Today I hauled five cherry logs to a friend with a band mill. It only took about three hours, then we went into his shop, sat by the wood stove and ate chili and yapped.

I love milling as much as turning, you never know what the log will hold. We milled bowl blanks, three by three spindle stock and some 4/4 boards. The planks on the right have the pith in them. I'll rip the pith out and have some quarter sawn material for plates etc.

All in all a great day.





Lots of work ahead cutting and sealing, then stacking in the shed to dry down.

Graybeard

Reactions: Like 3 | EyeCandy! 2 | Way Cool 8


----------



## Albert Kiebert (Jan 30, 2015)

Good looking haul, Bet all that Cherry smells good!!!!

Reactions: Agree 1


----------



## JR Custom Calls (Jan 30, 2015)

Graybeard said:


> I'll rip the pith out


That just sounds funny haha.

Looks like a nice load

Reactions: Funny 1


----------



## NYWoodturner (Jan 30, 2015)

Nice haul David. Thats a lot of turning stock and da,med good use of the logs.


----------



## woodtickgreg (Jan 30, 2015)

I would call that a great day. Nice looking haul too.


----------



## Tony (Jan 31, 2015)

Nice haul David! Purdy looking stuff there!


----------



## barry richardson (Jan 31, 2015)

Nice wood, good times! that's what it's all about....

Reactions: Agree 2


----------



## ironman123 (Jan 31, 2015)

Looks like you are well ahead of the game. Great looking timber. Yep, lots of sealing. Enjoy that load.


----------



## Graybeard (Feb 3, 2015)

Well, the management and I just finish cutting up the spindle stock into 24 inch lengths and sealing it all up. It's all tucked in the shed on racks to dry down. Just in time, we're getting more snow.

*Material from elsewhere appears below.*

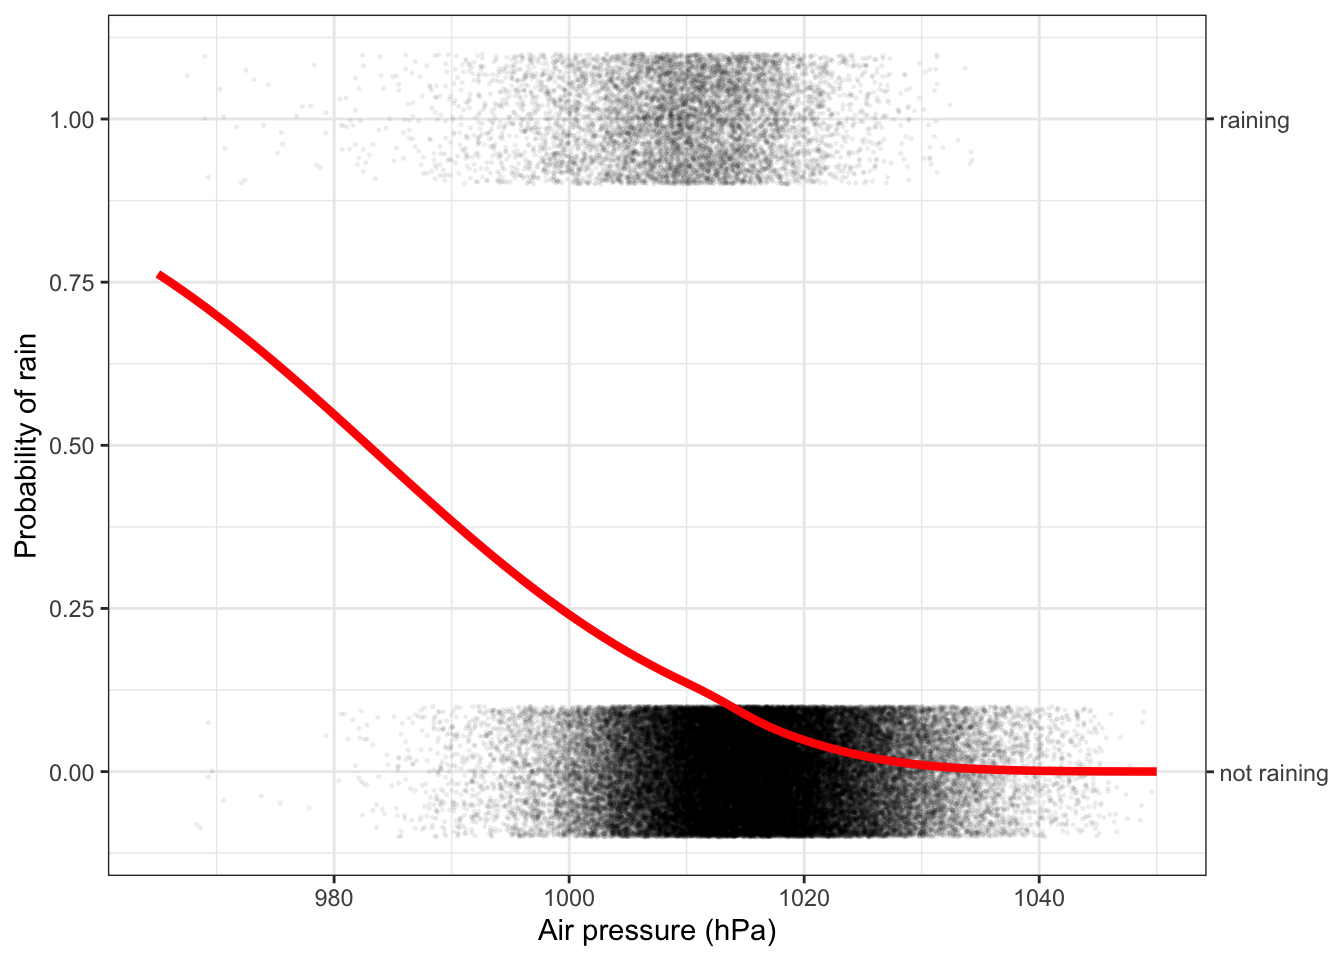 Treating air pressure as a continuous numerical variable turns the model of rain conditioned on air pressure into a smooth function. The logistic function form is appropriate for classifiers, when the function output is a probability, that is, a number between zero and one.

Plan to bring down the bowl blanks and core out some bowls, then let them dry before finish turning them.

As a little extra bonus I put some of the chop saw sawdust in some containers to use for smoking bacon. Cherry wood smoke = yummm!

Graybeard

Reactions: Like 1


----------



## Nature Man (Feb 3, 2015)

What a terrific haul! Nice that you could buck it up into various sizes already! Almost seems like too much for one person! Chuck


----------